Melting Point: 137.5 ~ 139 ℃

IR (KBr): 3100, 1620 cm ^-1

Mass: m / z: 306.8 (MH +)

¹ H NMR (300 MHz, CDCl ₃ ) δ (ppm): 8.06 (s, 2H), 7.86 (s, 2H), 7.47 ~ 7.39 (m, 1H), 6.84 ~ 6.75 (m, 2H), 5.50 (s, 1H), 4.75 (d, 2H, J = 14.3 Hz), 4.46 (d, 2H, J = 14.3 Hz).

By using the method for preparing a bis-triazole derivative of Formula 1 according to the present invention, a large amount of bis-triazole derivative can be prepared in high yield without side reaction.

Claims (3)

Reacting the 2-sulfonyloxymethyl-2- (2,4-difluorophenyl-1-yl) oxirane derivative of formula 8 with 1,2,4-triazole sodium salt in an equivalent ratio of 1: 2 Method for producing a bis-triazole derivative of Formula 1 comprising a. [Formula 1] [Formula 8] Wherein R represents an alkyl or substituted or unsubstituted aryl group.

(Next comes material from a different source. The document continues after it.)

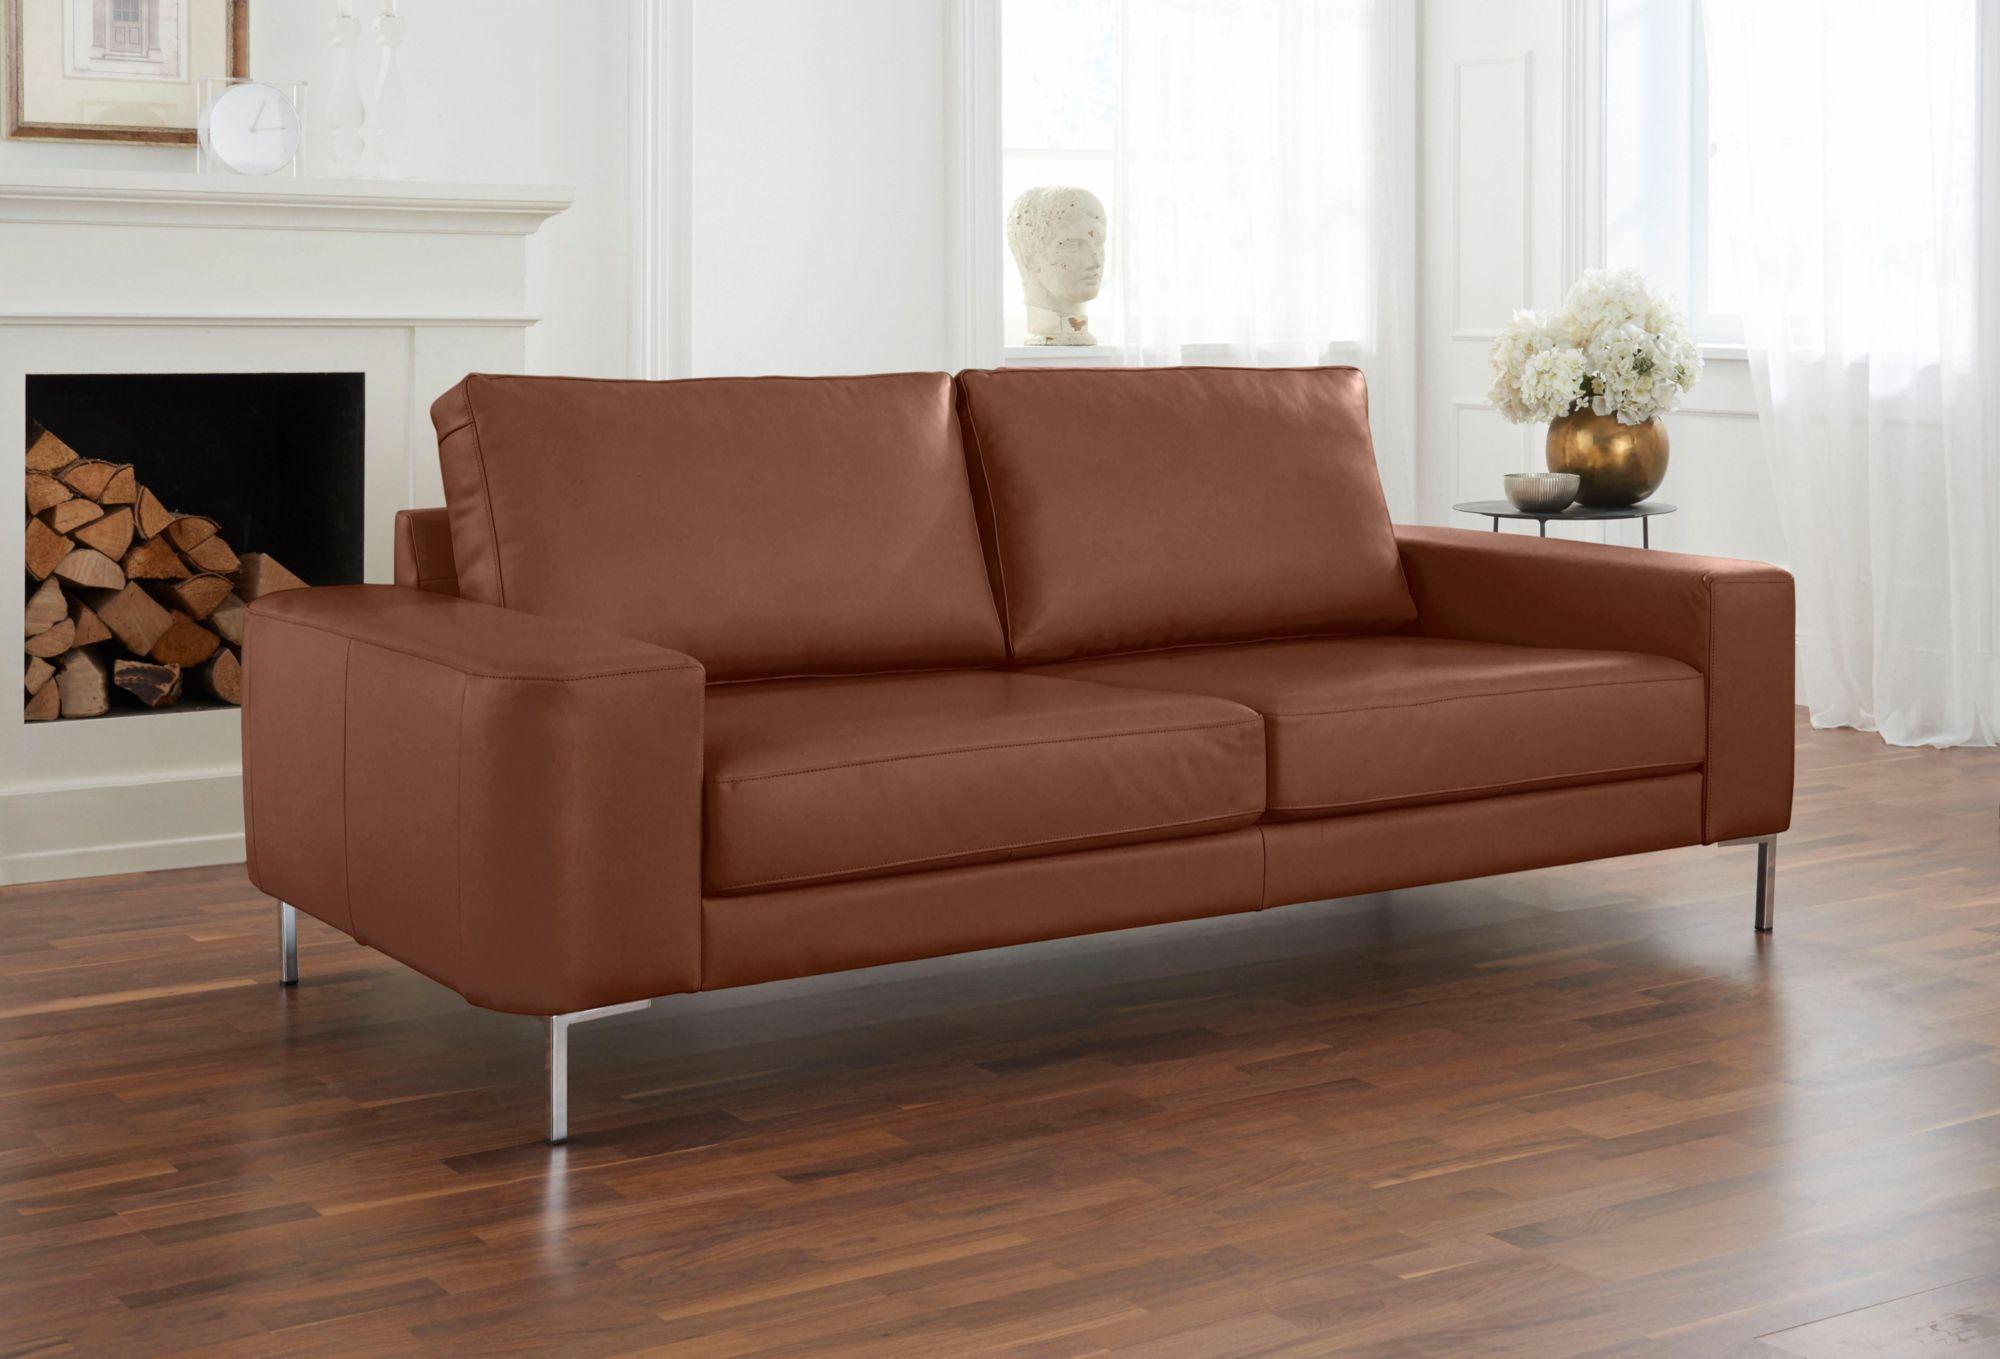 ALTE GERBEREI Alte Gerberei 2-Sitzer Sofa »Lexgaard« mit großer Bodenfreiheit, inklusive Rückenkissen
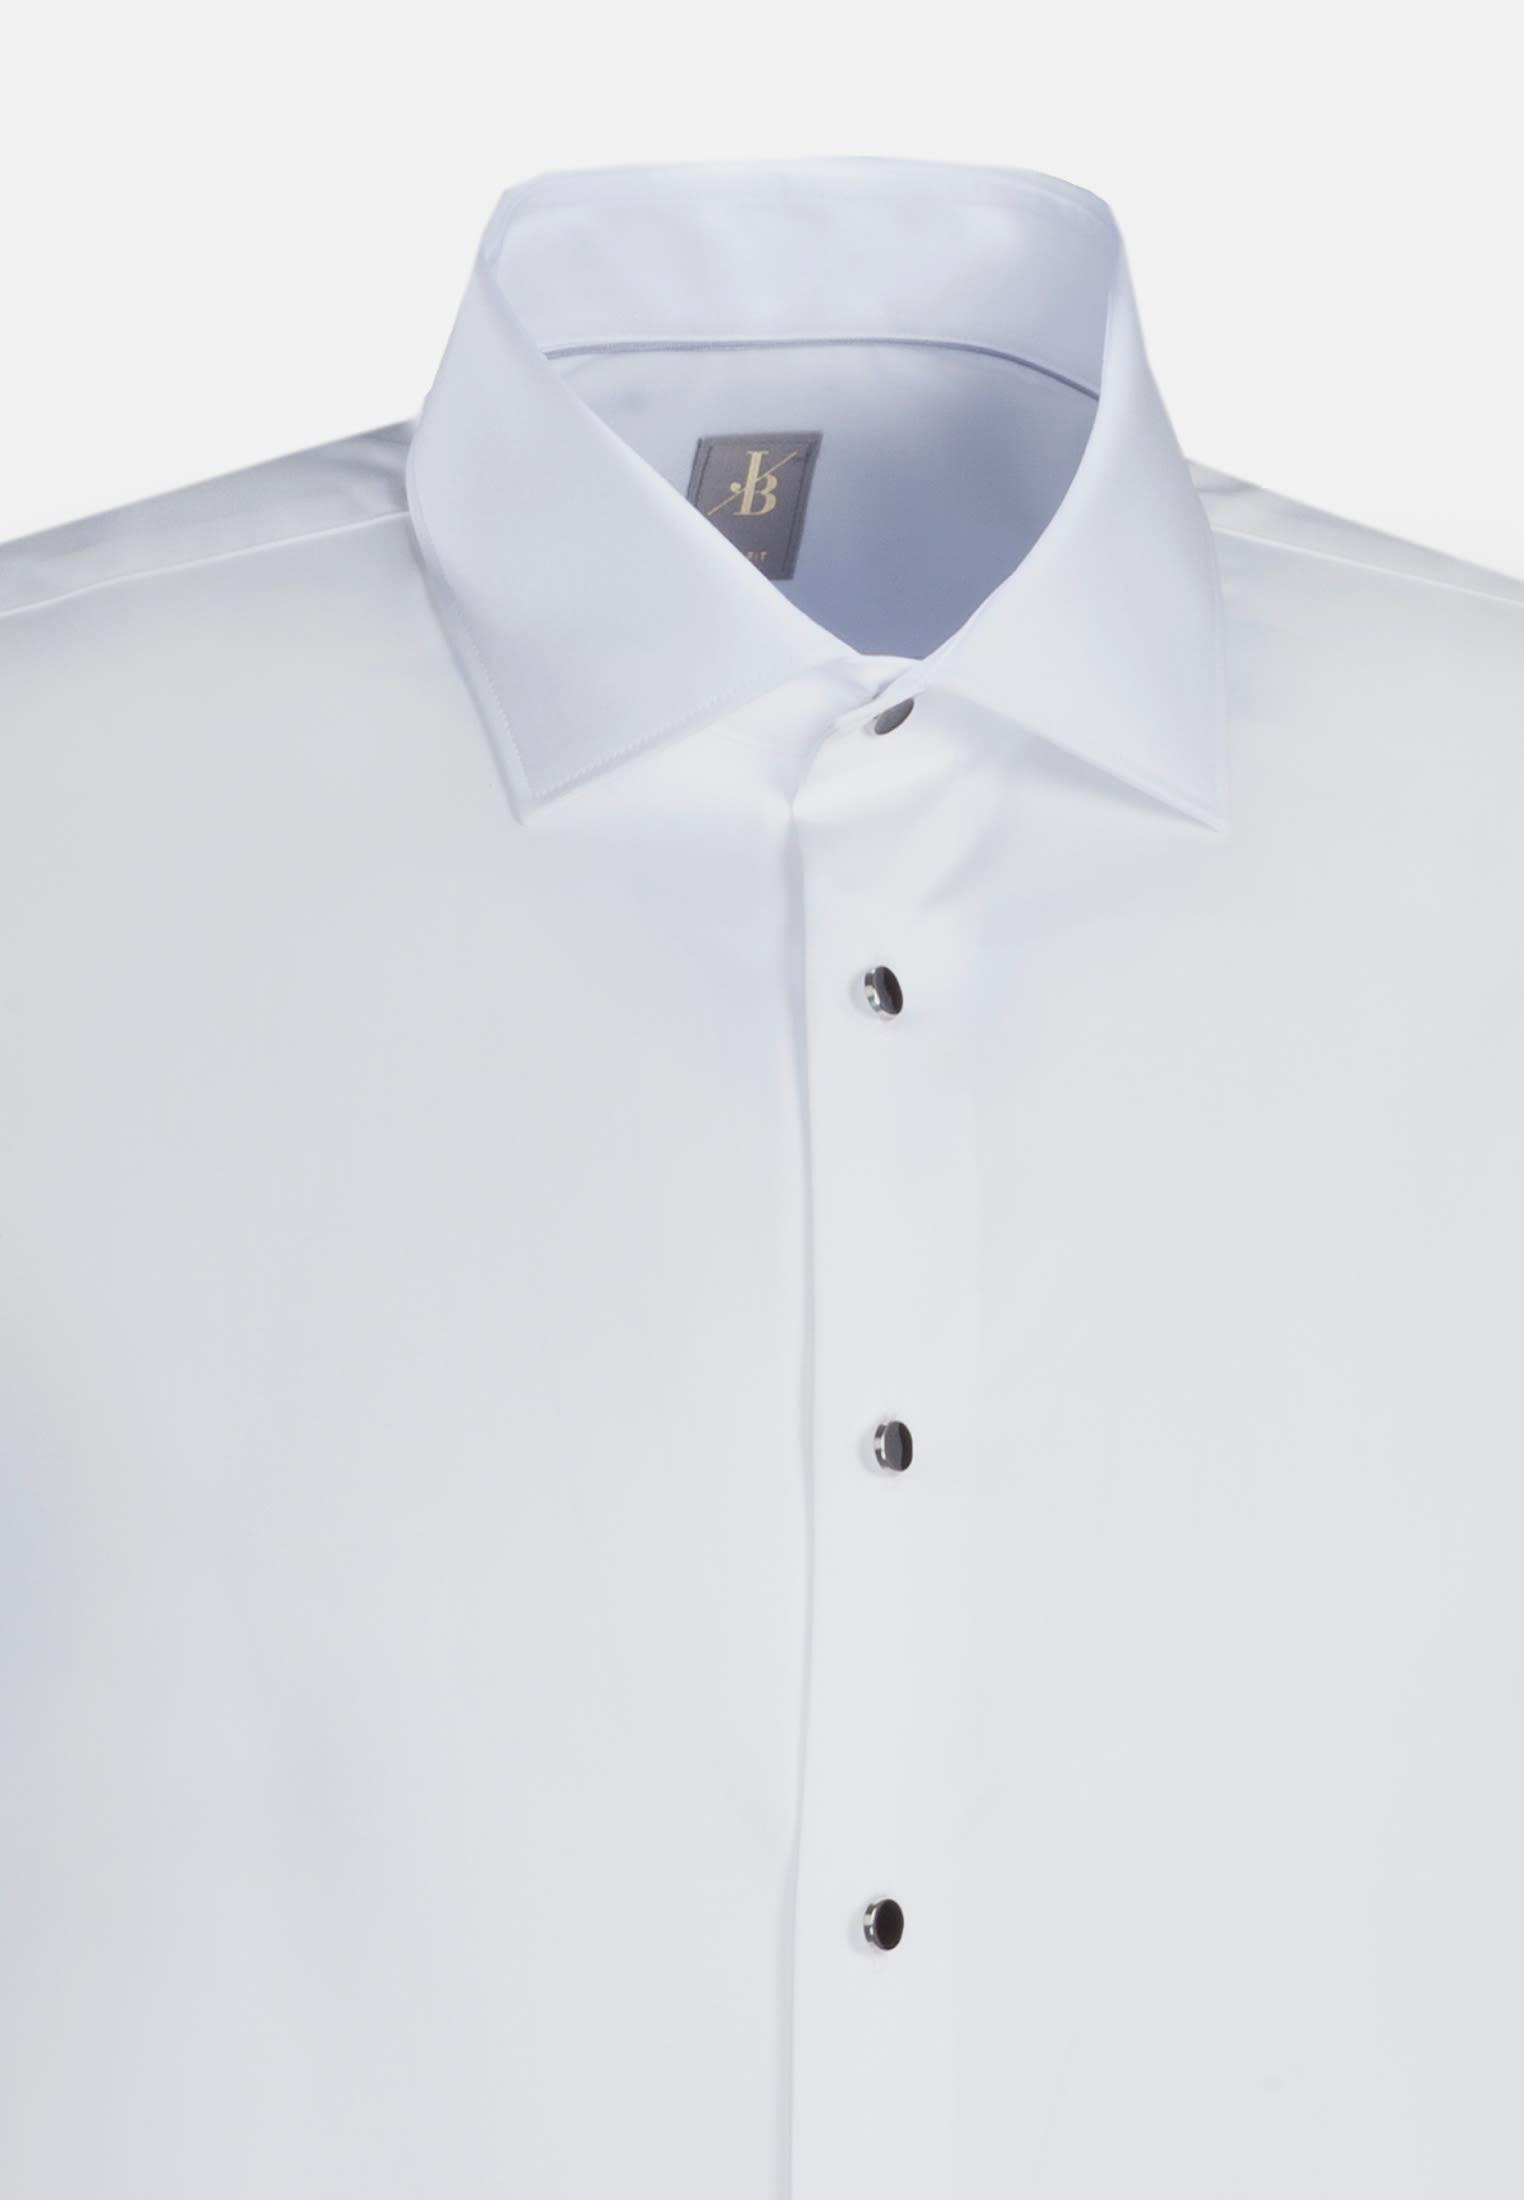 Popeline Smokinghemd in Slim Fit mit Kentkragen in Weiß |  Jacques Britt Onlineshop

According to claim 1, wherein the 2-sulfonyloxymethyl-2- (2,4-difluorophenyl-1-yl) oxirane derivative of the formula 8 is 2-acetoxy-2 ', 4' -Difluoroacetophenone is reacted with trimethylsulfoxonium iodide to prepare 2-acetoxymethyl-2- (2,4-difluorophenyl-1-yl) oxirane of formula 6, By removing the acetyl group from 2-acetoxymethyl-2- (2,4-difluorophenyl-1-yl) oxirane of Chemical Formula 6, 2-hydroxymethyl-2- (2,4-di Fluorophenyl-1-yl) oxirane is prepared, and 2-hydroxymethyl-2- (2,4-difluorophenyl-1-yl) oxirane of formula 7 is alkyl or substituted or unsubstituted A method for preparing a bis-triazole derivative of formula 1, which is prepared by a process comprising the step of reacting with arylsulfonyl chloride. [Formula 5] [Formula 6] [Formula 7] The bis-triazole of Formula 1 according to claim 1, wherein the 1,2,4-triazole sodium salt is prepared by reacting 1,2,4-triazole with sodium hydride in an equivalent ratio of 1.2: 2. Process for the preparation of derivatives.